Most of us don’t realize how much of our life energy goes into resisting rather than embracing and living the life we have until something stops us in our tracks and we realize all the precious moments we took for granted.
Here’s a logical question: If resistance is exhausting, why do we keep doing it?
Well one reason is because the mind believes resistance equals control and our survival brain LOVES control - even if it’s a false sense of control. Mindfulness practices on the other hand help guide us toward acceptance.
Maybe you are resisting that last bit right now in the form of “hell no, I won’t accept what’s going in my life right now! I’d be crazy to do so, you have no idea how bad it is!”
What Acceptance Really Means
It may be helpful to take acceptance apart beginning with what it does not mean. Acceptance is not approving of everything, giving up, resignation, becoming passive or tolerating harm.

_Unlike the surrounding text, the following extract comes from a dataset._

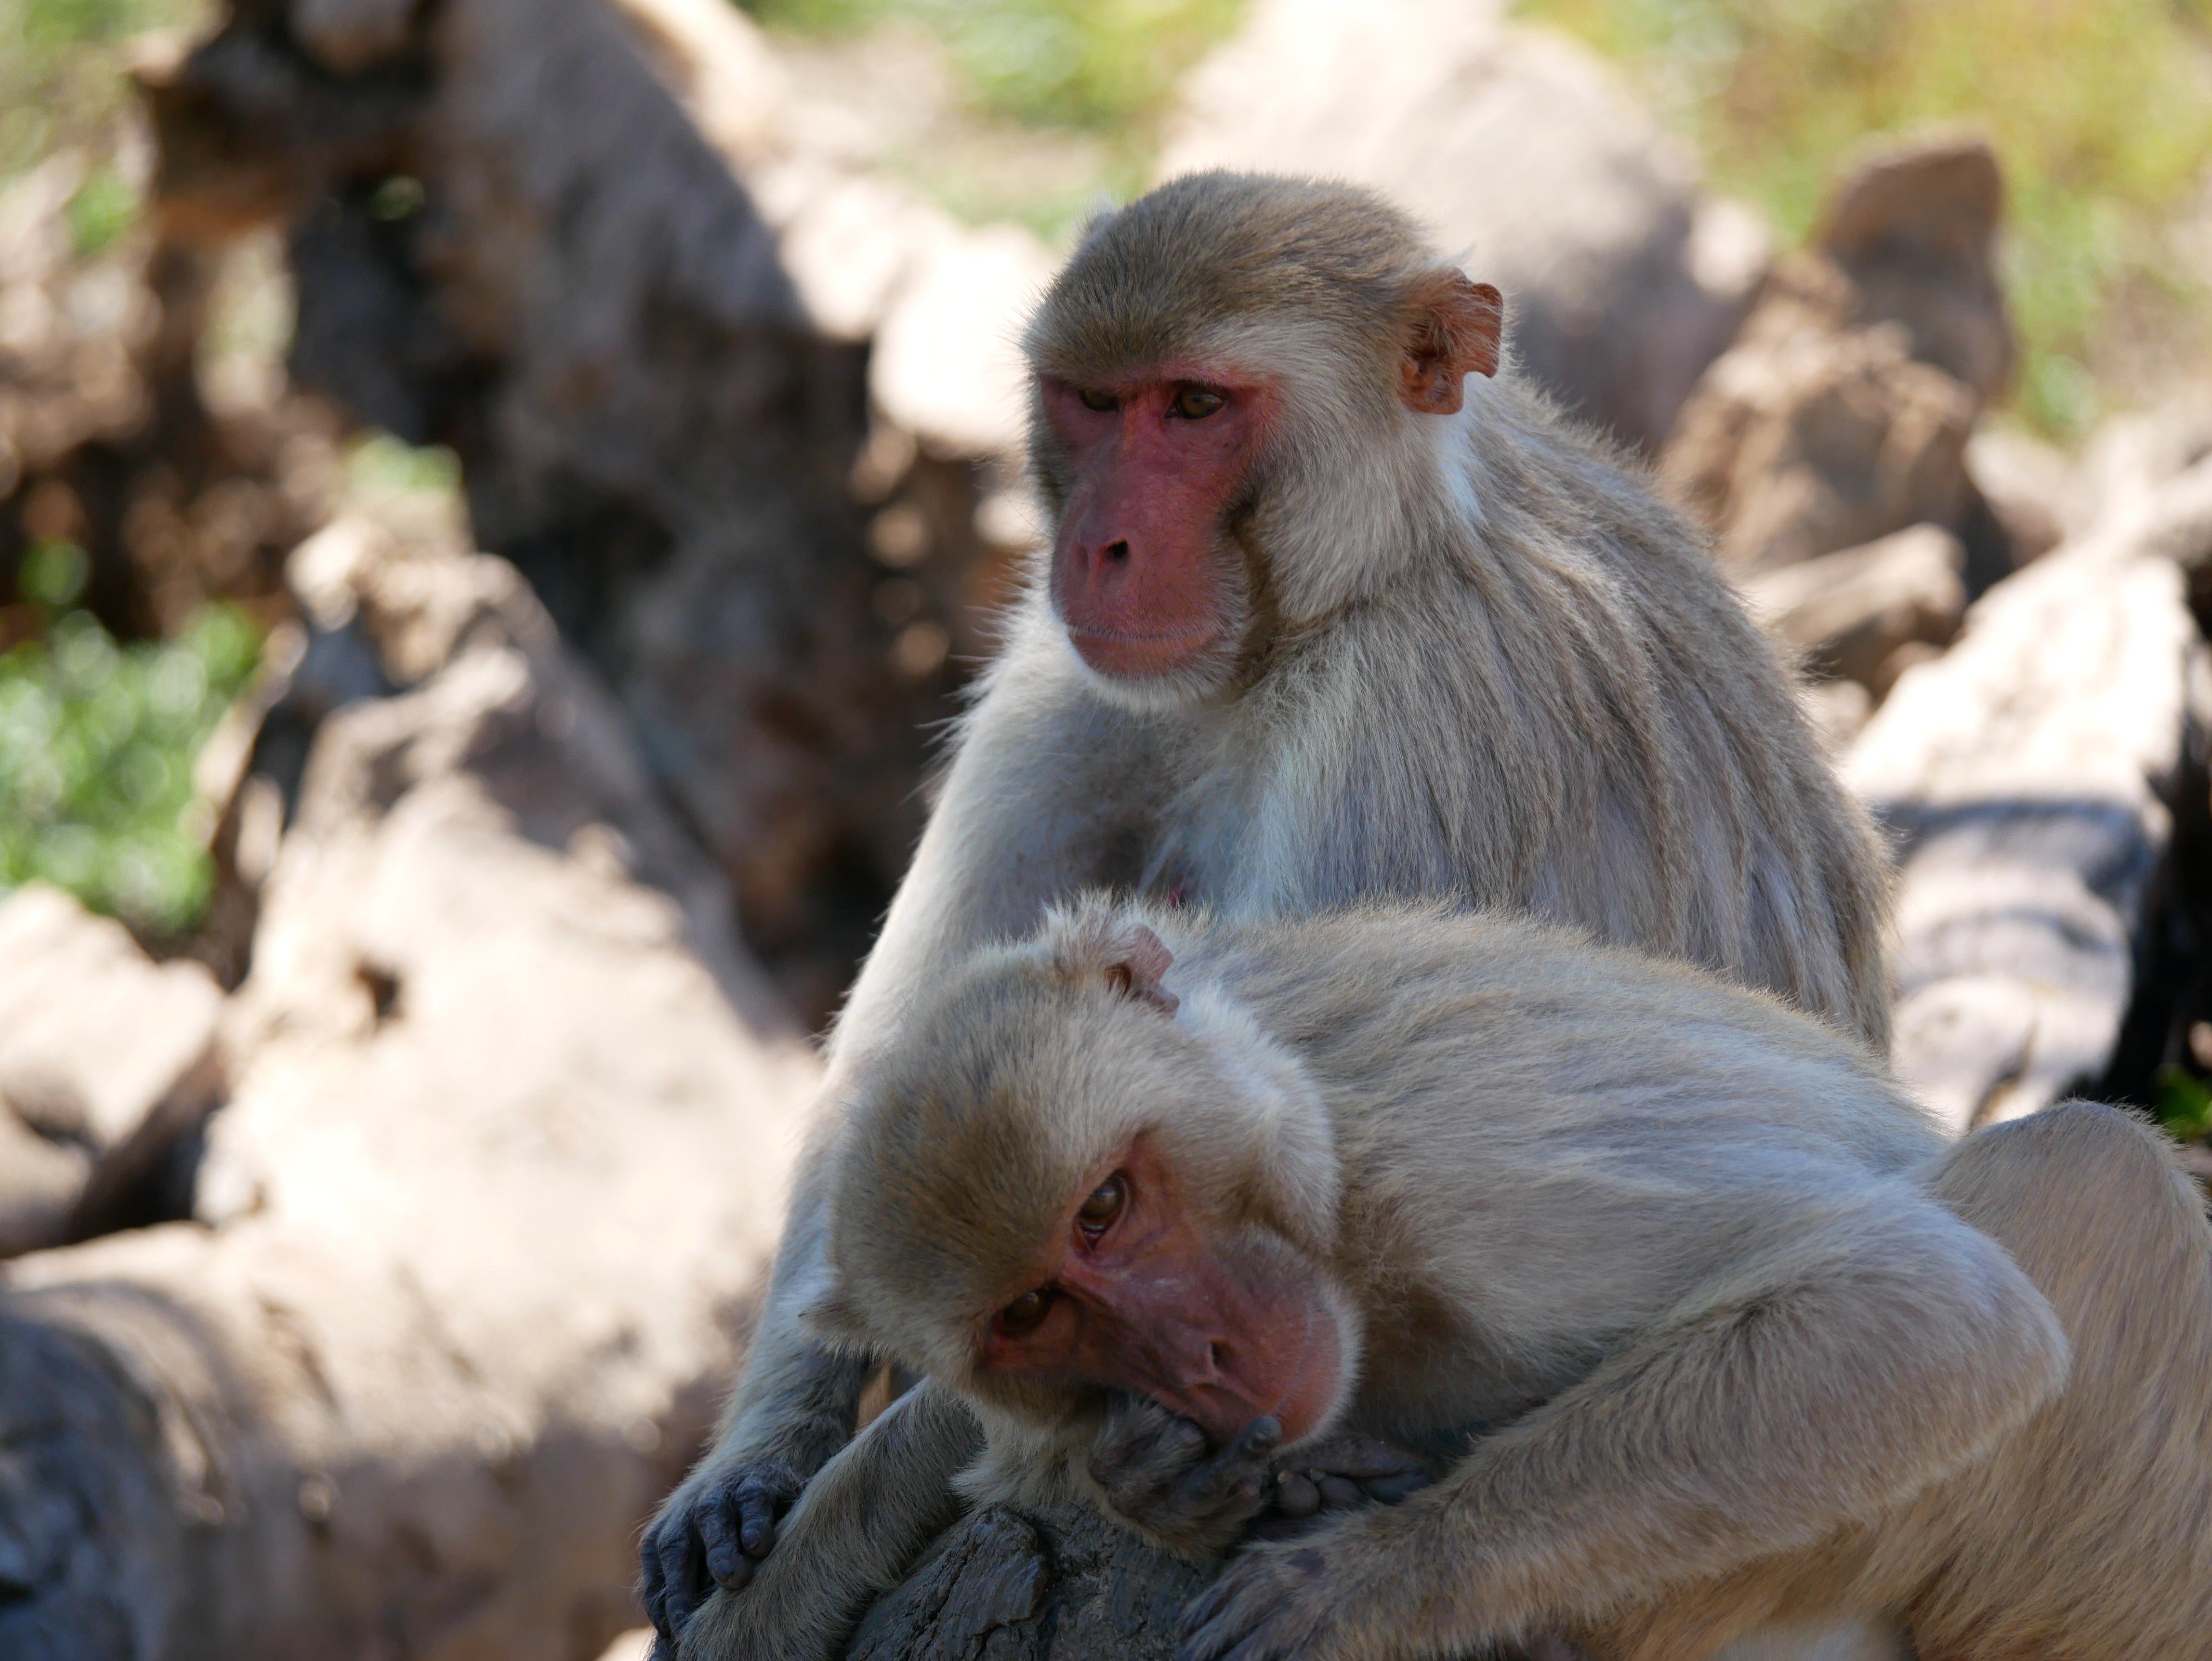 Manki Xxx V - Male Monkeys Have More Sex with Other Males Than with Females in This  Well-Studied Group | Scientific American

Acceptance does mean acknowledging reality as it is before deciding what to do next. Without acceptance we tend to react. When we take a moment to allow and acceptance the moment as it is, we are more likely to find a skillful response for the situation at hand. Resistance has a defensive-fight quality, acceptance has an offensive-allow quality.
How to Get to Acceptance
A good starting point is to feel. This requires the mindfulness tool of awareness.
Notice what is here (emotion, situation, thought).

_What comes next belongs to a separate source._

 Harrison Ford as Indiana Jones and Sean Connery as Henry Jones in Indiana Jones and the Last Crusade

Allow the body to register it. Where am I feeling this? How does it feel? What message might it have for me?
Then, based on some of the body wisdom you’ve discovered, choose your next wise action.
Three Experiments With Letting Go of Resistance
1. Name the Argument
When you can feel yourself pushing against reality, ask: What am I arguing with right now?
Your answer may appear as:
This shouldn’t be happening.
They shouldn’t act this way.
I shouldn’t feel like this.
Just the act of seeing and naming the resistance softens it.
2. Drop Out of Your Head and Into Your Body
When you notice the mental gears on overdrive, pause, dropping out of your head and into your body:
feel the connection of your feet on the earth
sense the breath moving within you - chest, belly
with an inside lens know where your shoulders and hands are in space
if seated, feel the object of support beneath you
The body lives in the present. Resistance mostly lives in thought.
3. Allow Space
When you add your breath to a balloon the space within it expands. To some degree that’s what happens to us when we focus on our breath rather than all the resisting thoughts we’re thinking. Experiment with creating more space around the challenging situation. Breathe into yourself in the same way you would a balloon. Do you feel more spacious or more contracted as a result? And whatever you discover, be with that too. Why? Because it’s here.
The Result
When we stop resisting anything we invite flow to return. What happens when you crimp a hose when the faucet is on? Water backs up, pressure builds, tension increases and it may take more energy to keep the water from gushing. But when we let go and allow the natural flow returns and it is a relief, it is ease filled.
Our energy returns to flow, not because our circumstances have changed, but because we have let go of internal struggle and accepted what is here now.
A Mantra To Support Acceptance
Just this. Just here. Just as it is.